También se encuentra detrás de las encarnizadas luchas de poder en el deporte el errado alcance del interés público en el deporte. En el caso del fútbol calificado como profesional, la irrupción de hasta tres entidades con competencias pervierte el esquema hasta hacerlo insostenible. Es prácticamente imposible encontrar en el panorama deportivo mundial una competición en la que, legalmente, participen en su gestión hasta tres entidades de forma tan directa; en su caso encontramos dos, y ninguna de ellas es la Administración Pública. Este error conceptual, emanado de adaptar una situación previa a la ley como es la existencia de una asociación de clubes gestora de la competición, únicamente es fuente de conflictos por la indefinición de las competencias de cada entidad, la dificultad de conciliar intereses que son, entre las tres entidades, absolutamente dispares y por la posición de debilidad de la Administración Pública y del Consejo Superior de Deportes que busca ser aprovechada por el resto de actores y, en alguna ocasión, incluso por sus propios dirigentes a través de pactos de difícil digestión para la opinión pública.

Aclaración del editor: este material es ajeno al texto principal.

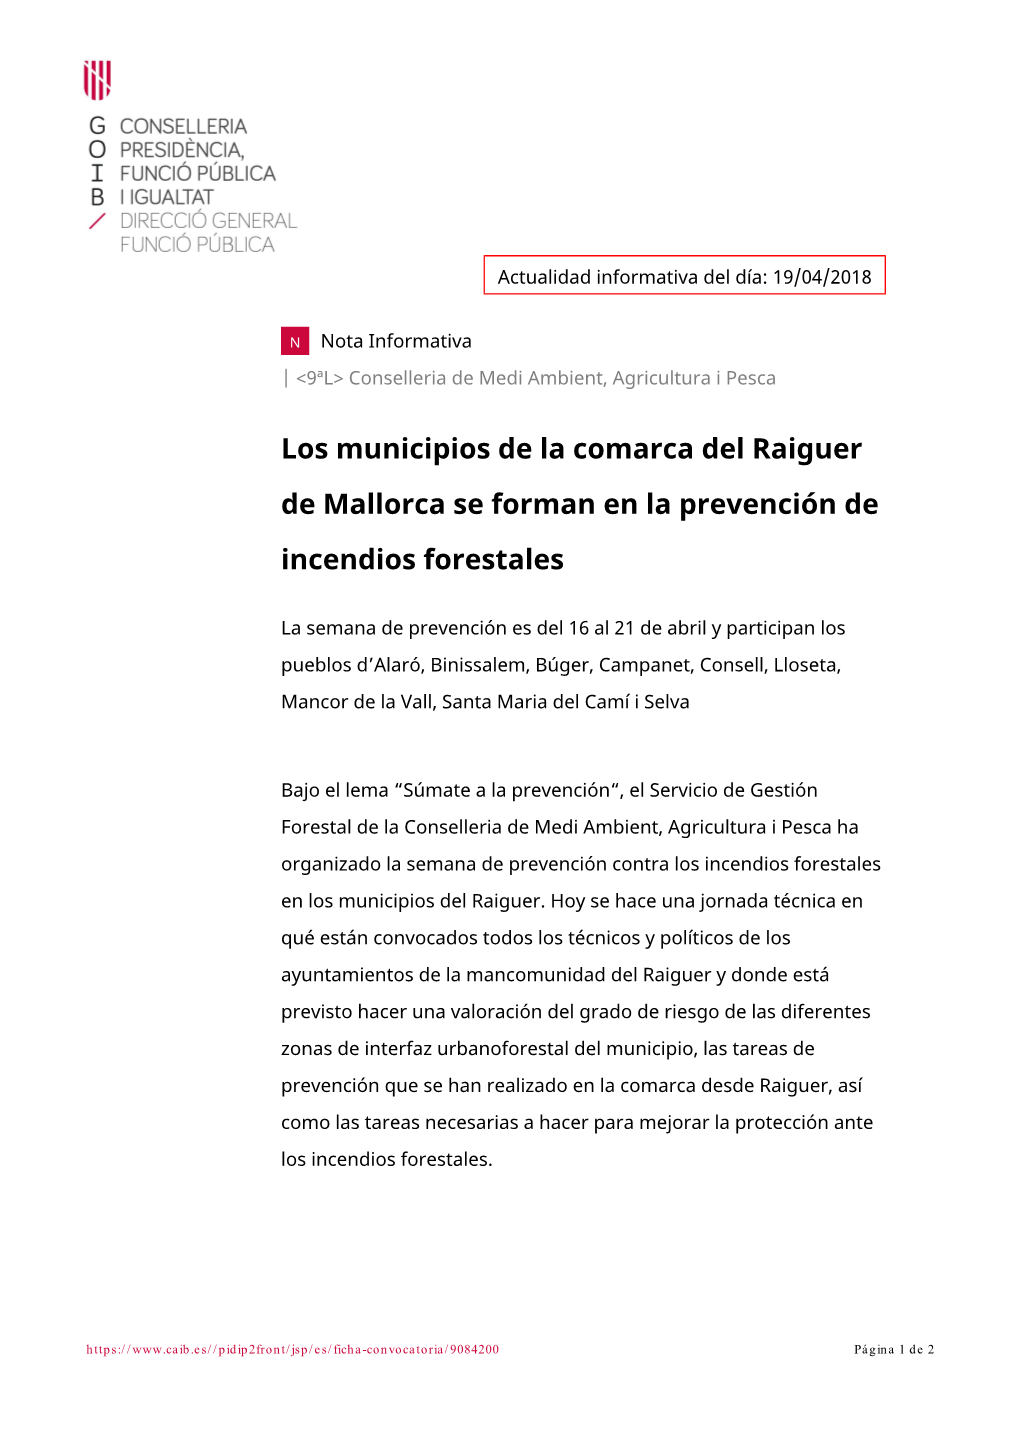 Los Municipios De La Comarca Del Raiguer De Mallorca Se Forman En La Prevención De Incendios Forestales
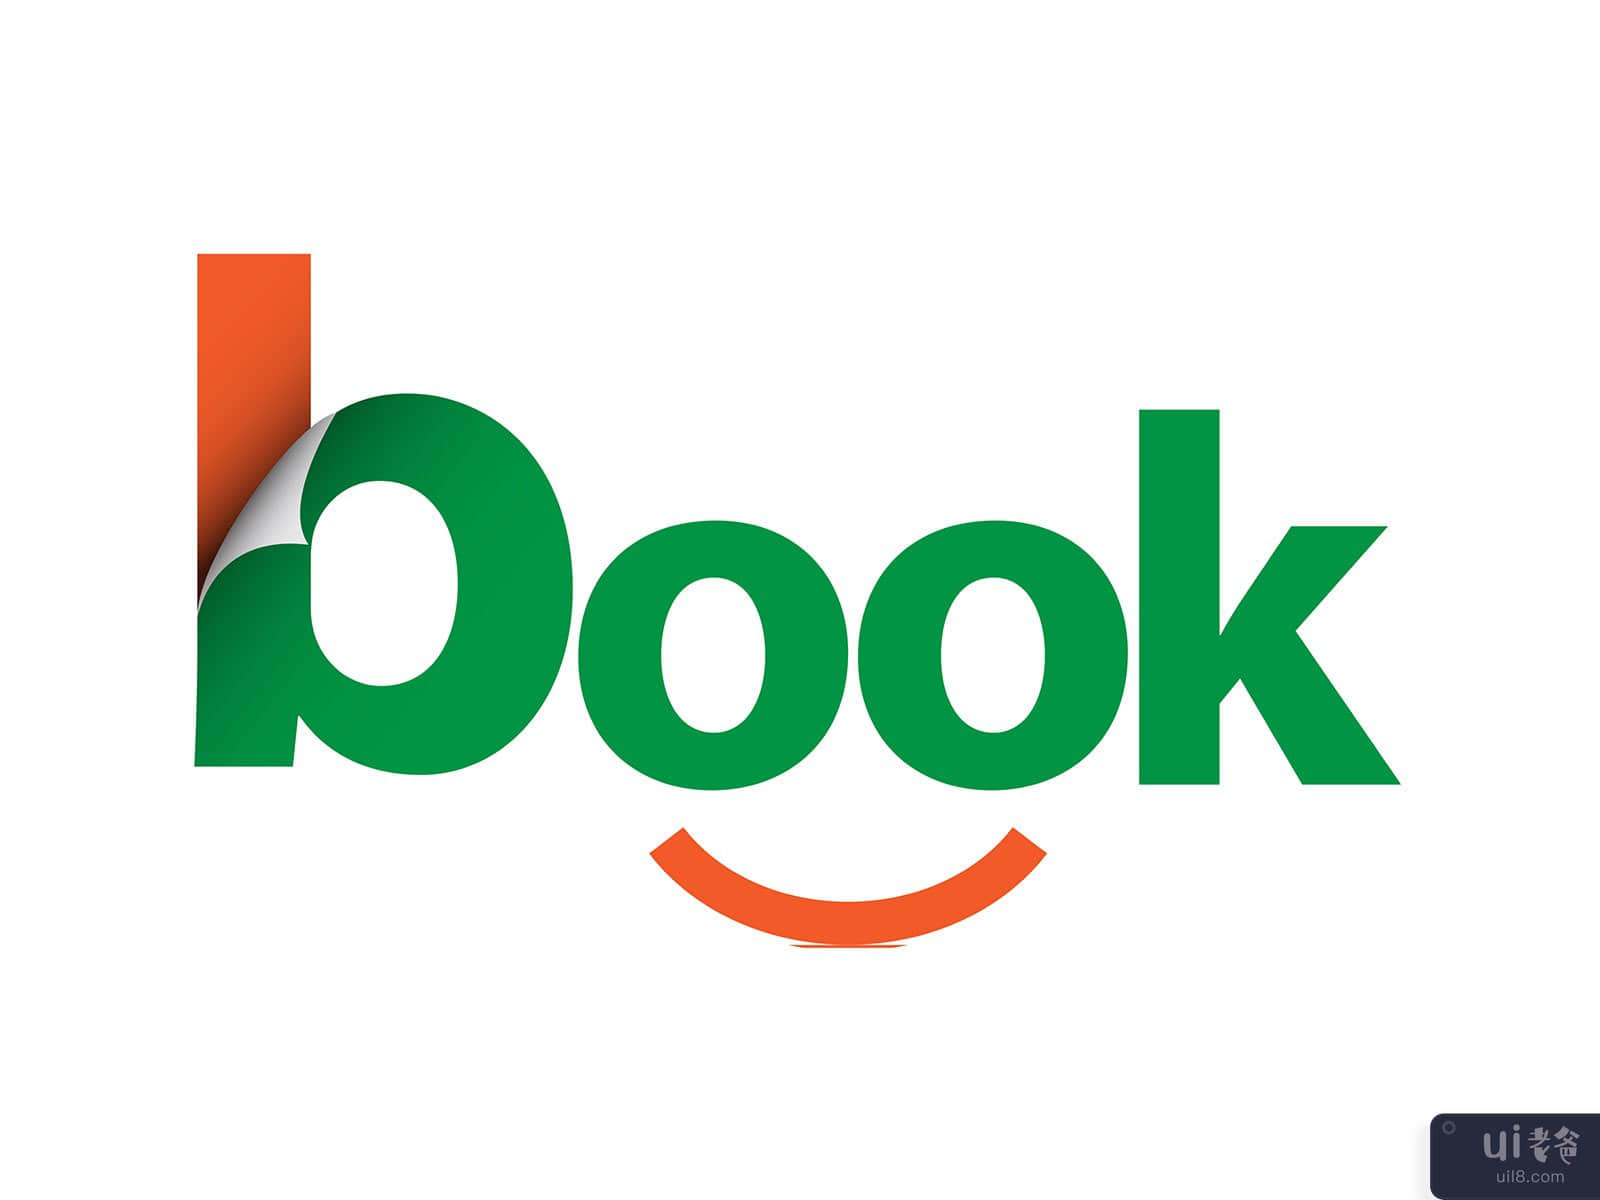 Book logo template design
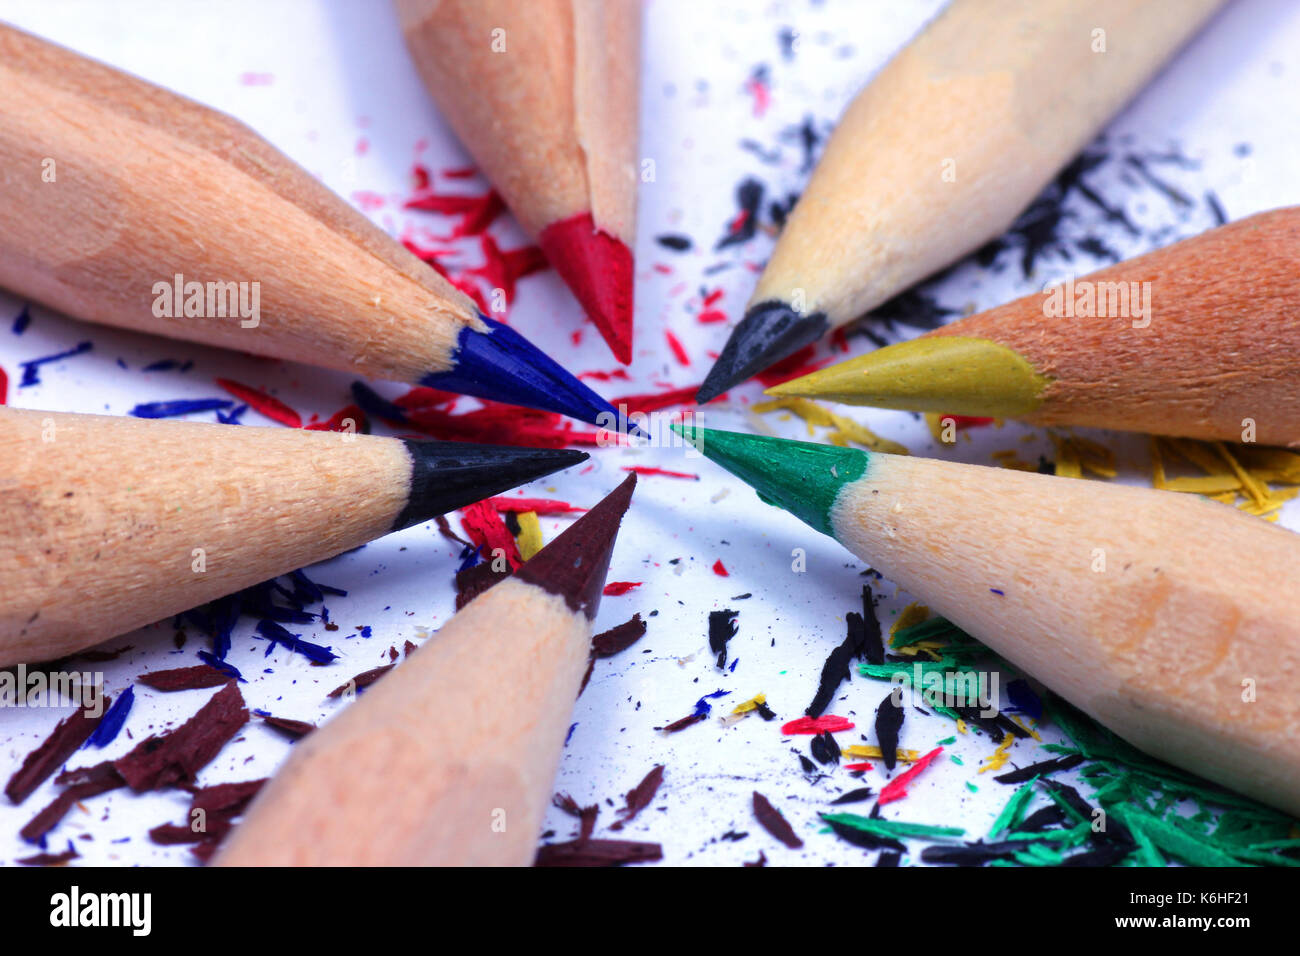 Bleistift spitzen und sein Abfall. Spitzen Bleistift und seine Abfälle  Stockfotografie - Alamy
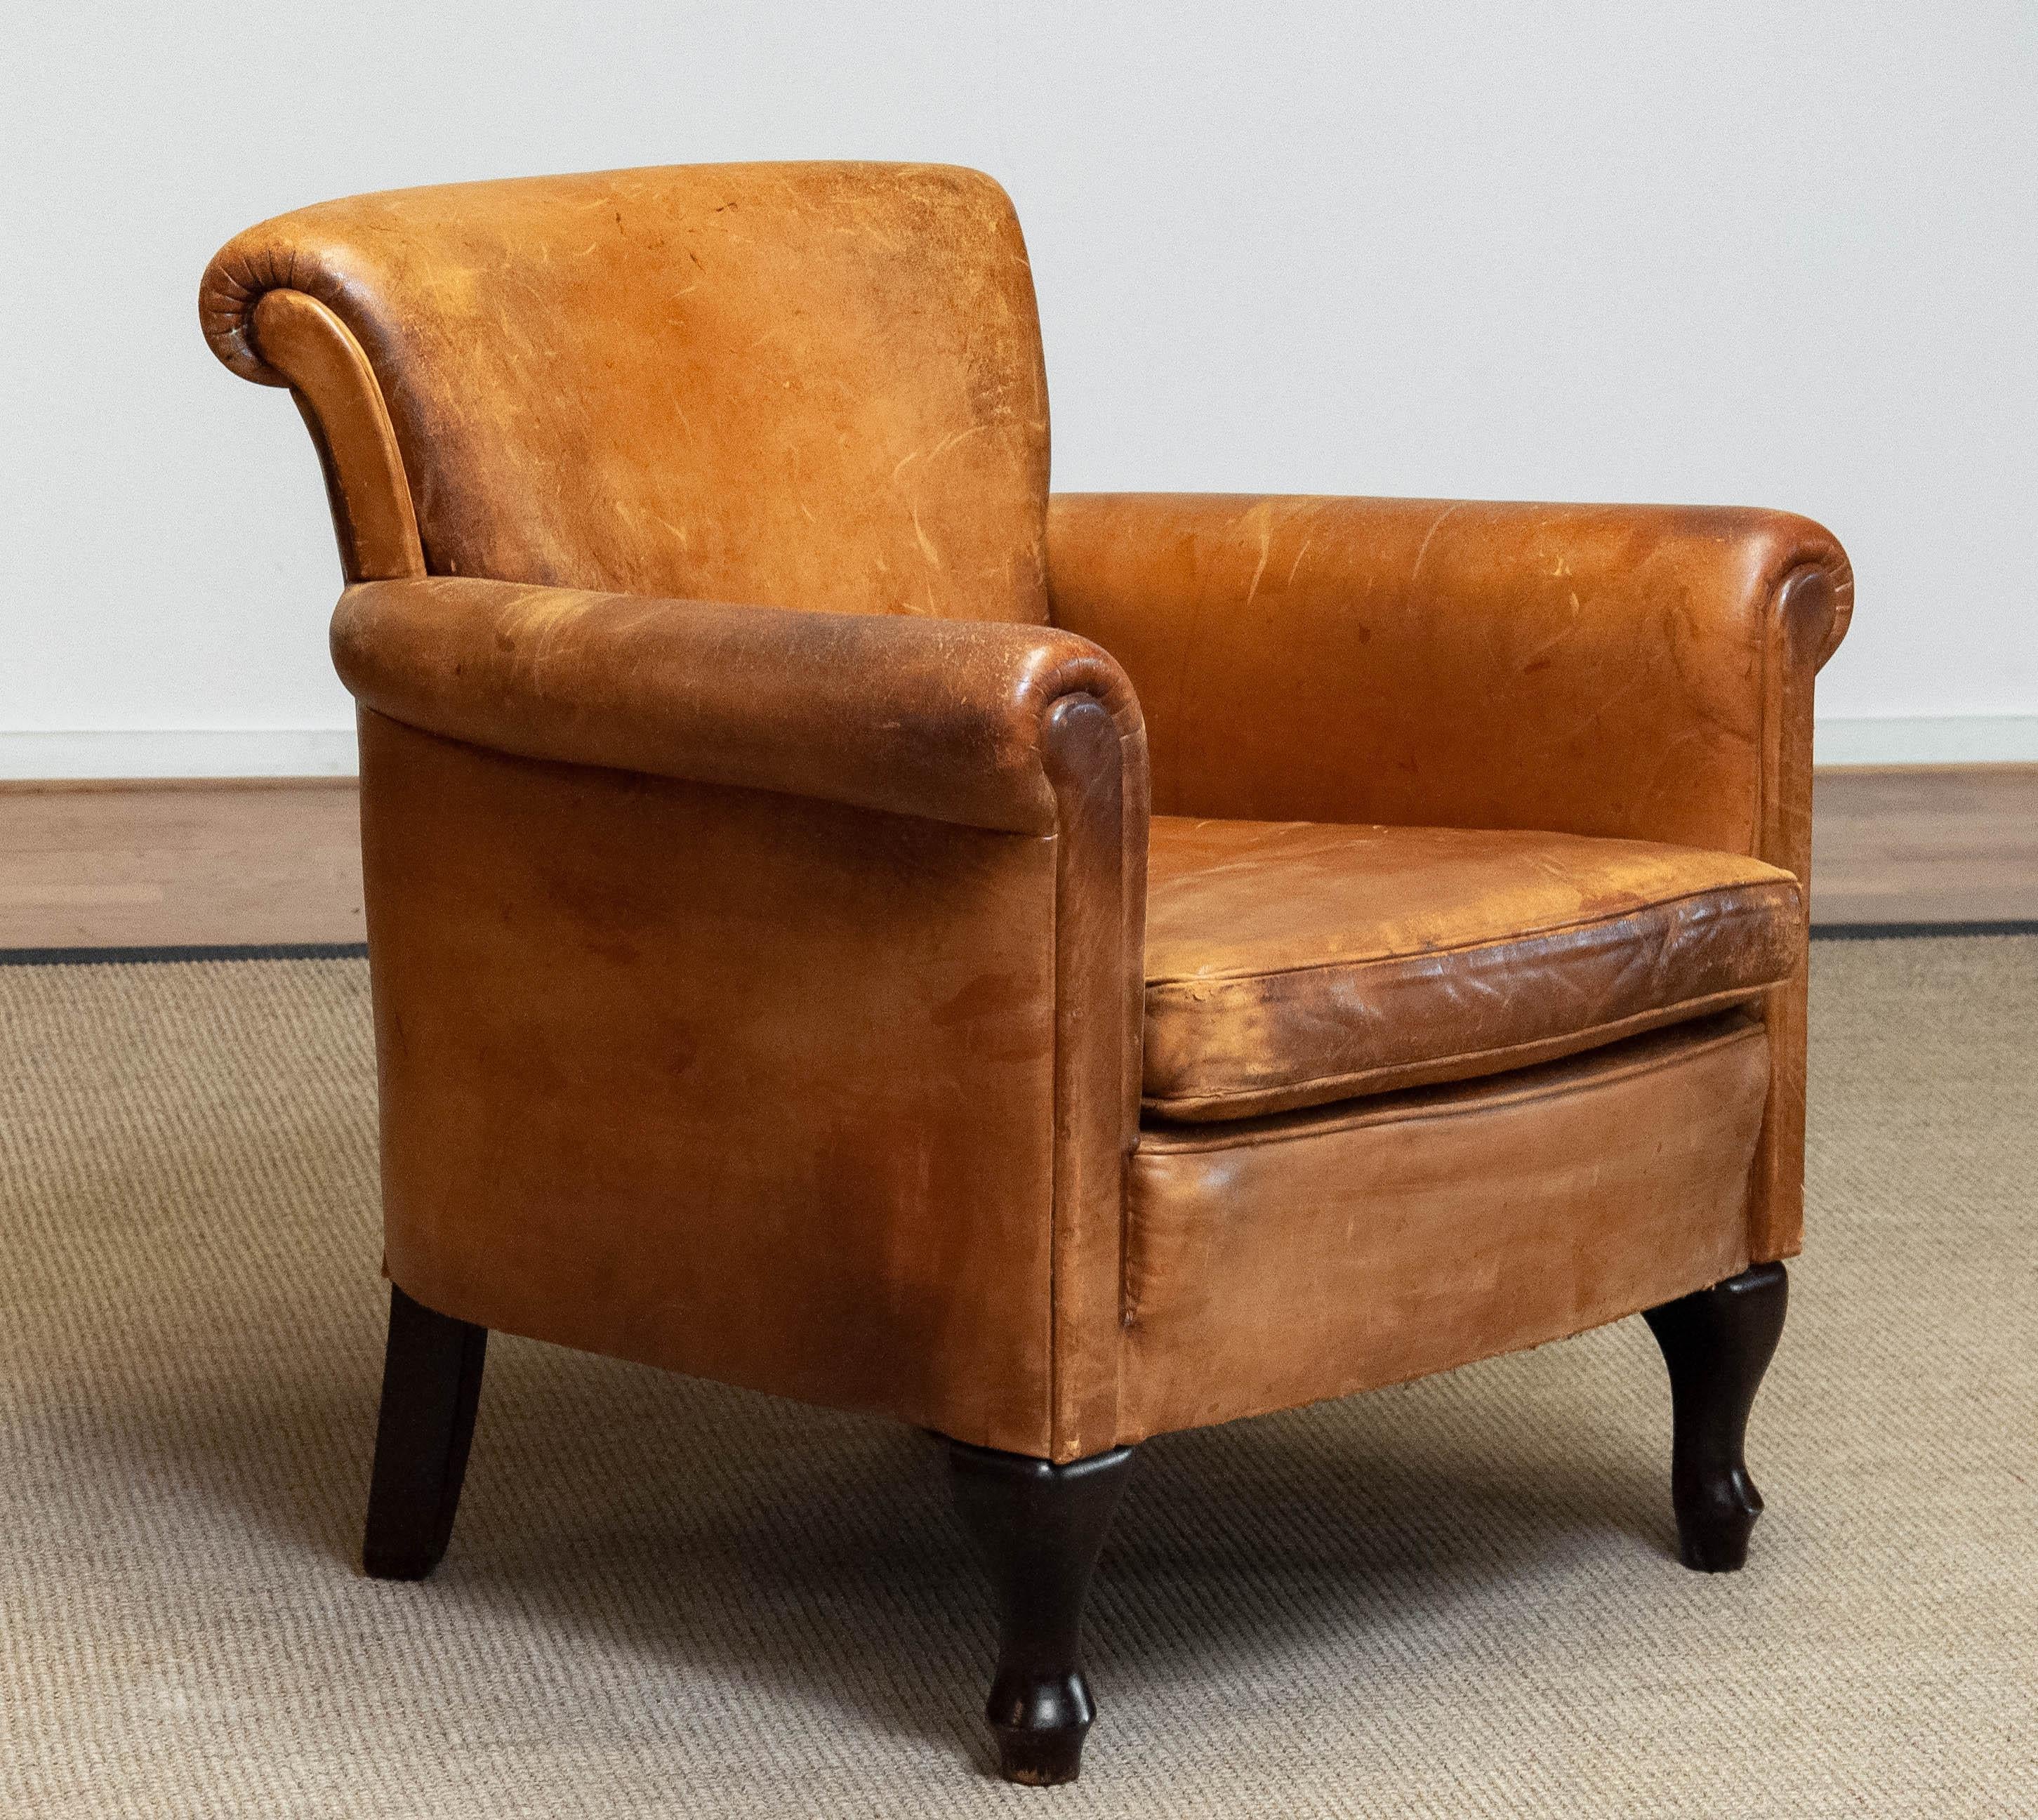 Schöne Französisch Art Deco Schafe Leder Club / Lounge-Stuhl. Gerollte Armlehnen und Rückenlehne mit losem Sitzkissen, alle mit dem originalen, weichen Schafsleder gepolstert. Die gealterte Patina und der Charakter dieser klassischen

Sin embargo, el error más preocupante es el que pretende replicar tan fallido esquema al fútbol en categoría femenina –y en otras competiciones como el balonmano-. Esto surge nuevamente de un intervencionismo público que carece de justificación, y es que supone conceder a la Administración deportiva el rol de decidir qué modelo organizativo debe regir para una competición. Tal planteamiento rompe los esquemas del modelo deportivo internacional –que se cimienta sobre las potestades federativas de organización de competiciones- que luego pretende preservarse mediante un juego de equilibrios insostenible y que se fundamenta en el apellido “profesional” que recibe la competición, que no se corresponde con lo que se entiende por deporte profesional y cree otorgar un estatus cuya verdadera consecución se logra por otros medios como los convenios colectivos u otras formas más precisas de explotación de los derechos económicos de clubes y competición. Este defecto no ha sido resuelto por el Proyecto de Ley del Deporte, lo que fomentará su aplicación en más ocasiones.

Como conclusión, el interés público en el deporte necesita ser redimensionado con cierta premura y reducirlo al mandato que el constituyente estipuló en el artículo 43.3. El Proyecto de Ley del Deporte hace notables avances en este sentido, aunque insuficientes en tanto mantiene amplias competencias públicas cuyas dificultades de ejecución son claras. Aquí, tal y como referíamos en el párrafo inicial, la labor política debe tomar mayor protagonismo que la meramente legal, por ejemplo para impedir que una entidad deportiva acabe asumiendo el control de facto de la totalidad del deporte organizado o para hacer triunfar una candidatura olímpica, como en otros países se usó para obstaculizar la Superliga o impedir que un futbolista cambie de liga.